思考一个问题，我想让多个机器去一起做这件事：怎么设计

2.2 编程模型简单概述

从上图来看，基本上属于MapReduce转变的前身设计思路，从MapReduce命名上来看有两部分组成，Map意思映射，Reduce为规约。
可以按照下面的方式理解Map和Reduce。
- 输入（input）一个大文件，通过切片（split）之后，将数据分成多个切片。
- 每个文件切片由单独的节点进行处理，这就是Map方法。
- 将各个节点计算的结果进行汇总，并得到最终结果，这就是Reduce方法。
- 任务job = Map+Reduce，Map输出，就是Reduce的输入。且所有输入输出都是键值对<Key,Value>的形式。

3. MapReduce 组件介绍

3.1 导入MR依赖jar

导入Mapreduce的相关依赖jar包，因为需要编写MapReduce程序。
将 wordcount.txt 上传到hdfs上。

3.2 Mapper 组件编程介绍

我们先了解Mapper的使用，看看Mapper的做了些什么事？
- extends Mapper<????> 类
- Driver类 程序的驱动类。

import org.apache.hadoop.io.LongWritable;
import org.apache.hadoop.io.Text;
import org.apache.hadoop.mapreduce.Mapper;
import java.io.IOException;


//1.编写Map方法需要 extends Mapper<keyin,valuein,keyout,valueout>,为什么形参是这些，一会在讲解？
public class WordCountMapper extends Mapper<LongWritable, Text,LongWritable,Text> {

    @Override
    protected void map(LongWritable key, Text value, Context context) throws IOException, InterruptedException {
        context.write(key,value); //context是输出的意思，直接输出key value值。
    }
}

注意，Mapper的输出目录不能提前存在，否则报错。二次生成需要提前删除上一次，目录结果。

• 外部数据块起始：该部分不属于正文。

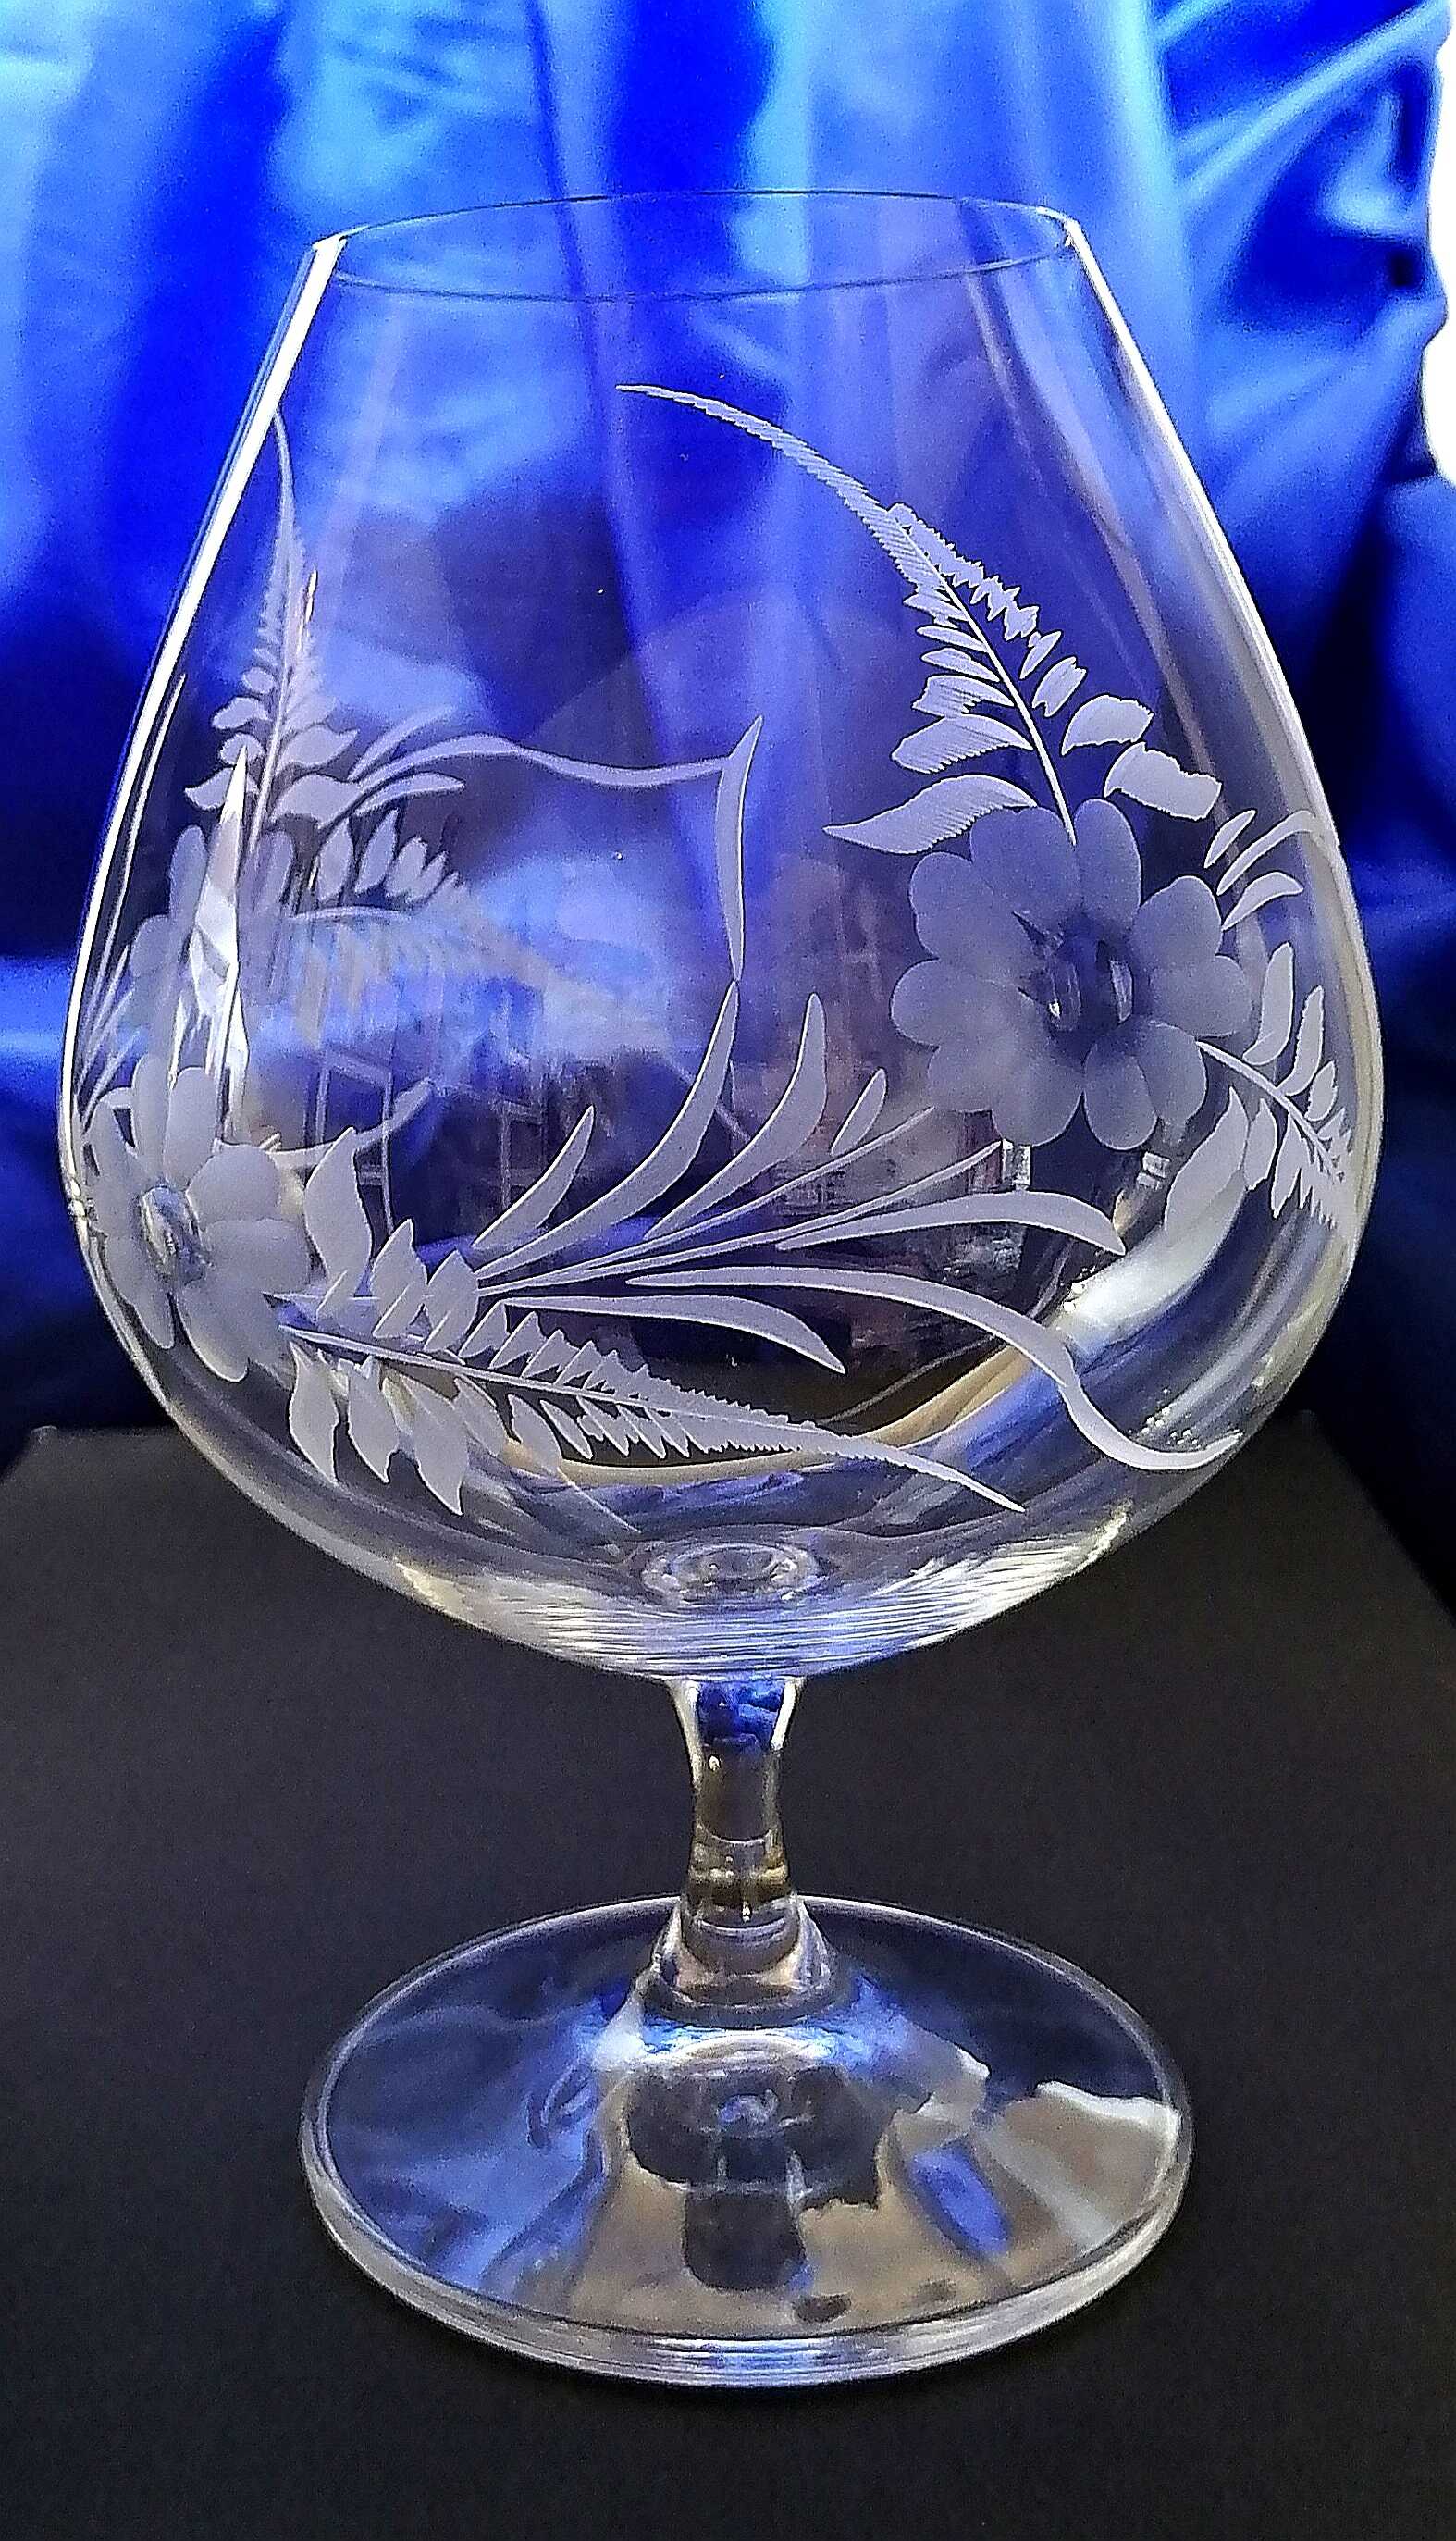 LsG-Crystal Jubilejka sklenička číše broušená dekor květina J-956 880 ml 1 Ks.

import org.apache.hadoop.conf.Configuration;
import org.apache.hadoop.fs.Path;
import org.apache.hadoop.io.LongWritable;
import org.apache.hadoop.io.Text;
import org.apache.hadoop.mapreduce.Job;
import org.apache.hadoop.mapreduce.lib.input.FileInputFormat;
import org.apache.hadoop.mapreduce.lib.output.FileOutputFormat;

import java.io.FileInputStream;
import java.io.IOException;

public class WordCountDriver {
    public static void main(String[] args) throws IOException, ClassNotFoundException, InterruptedException {
        //1.创建一个job任务入口
        Job job = Job.getInstance(new Configuration());//不需要配置文件就直接new Configuration();
        //2.设置jar包的启动路径
        job.setJarByClass(WordCountDriver.class);

        //3.设置key和value的输出参数类型，注意导入包hadoop.io.*下。
        job.setMapOutputKeyClass(LongWritable.class);
        job.setMapOutputValueClass(Text.class);

        //4.指定处理相应目录下的数据hdfs,和接受处理结果得目录（注意目录不要提前生成，有则删除）
        FileInputFormat.setInputPaths(job,new Path("hdfs://192.168.150.130:9000/wordcount.txt"));
       FileOutputFormat.setOutputPath(job,new Path("hdfs://192.168.150.130:9000/resault"));  


        //5.提交job任务，系统运行。
        job.waitForCompletion(true);
    }
}

3.3 运行程序两种方式

3.3.1 Jar包运行

将运行程序打成jar包，上传到服务器上运行。File--->Project structure
将jar上传到Linux服务器上，使用命令hadoop jar +jar包名称运行。
- 注意：在运行hadoop jar时需要先，启动yarn平台。然后使用jps查看启动进程。

在这里插入图片描述

3.3.2 IDEA运行

也需要依赖hadoop.dll 和winutils文件所以学习hdfs时已经配置好的就可以直接使用（参考hdfs插件配置）， 但是不管使用哪种方式都是需要Yarn平台，所以如果使用IDEA运行就需要导入Yarn的依赖jar包，导入在工程中。
- 注意， 因为MapReduce运行的其中一种方式需要Yarn，不然会报错org/apache/hadoop/yarn/util/Apps
直接运行main即可。 结果什么意思？还记得 偏移量 么？

3.4 Mapper组件输出

现在我想对WordCount.txt中的单词进行统计，该怎么在mapper中做处理？
- 提示： Text类型转String类型 Text.toString();

package com.java.mapper;
import org.apache.hadoop.io.IntWritable;
import org.apache.hadoop.io.LongWritable;
import org.apache.hadoop.io.Text;
import org.apache.hadoop.mapreduce.Mapper;

import java.io.IOException;

//keyin valuein保持不变接受类型就是 偏移量和每行内容，但是自定义 keyout valueout 是属于用户自定义类型。
/*
    既然想要每个单词的输出格式
            hello 1
            angelbaby 1
            。。。
            keyout 就是Text valueout 就是IntWritable类型
 */
public class WordCountMapper extends Mapper<LongWritable, Text,Text, IntWritable> {

    @Override
    protected void map(LongWritable key, Text value, Context context) throws IOException, InterruptedException {
        String s = value.toString();  //Text 相当于String Text.toString()转String类型。
        String[] words = s.split(" ");
        for (String word : words){
            context.write(new Text(word),new IntWritable(1)); // valueout 输出的1是自己定义的。
        }
    }
}

注意Driver，当Mapper输入和输出类型不一致时，需要指定job.setMapperClass()。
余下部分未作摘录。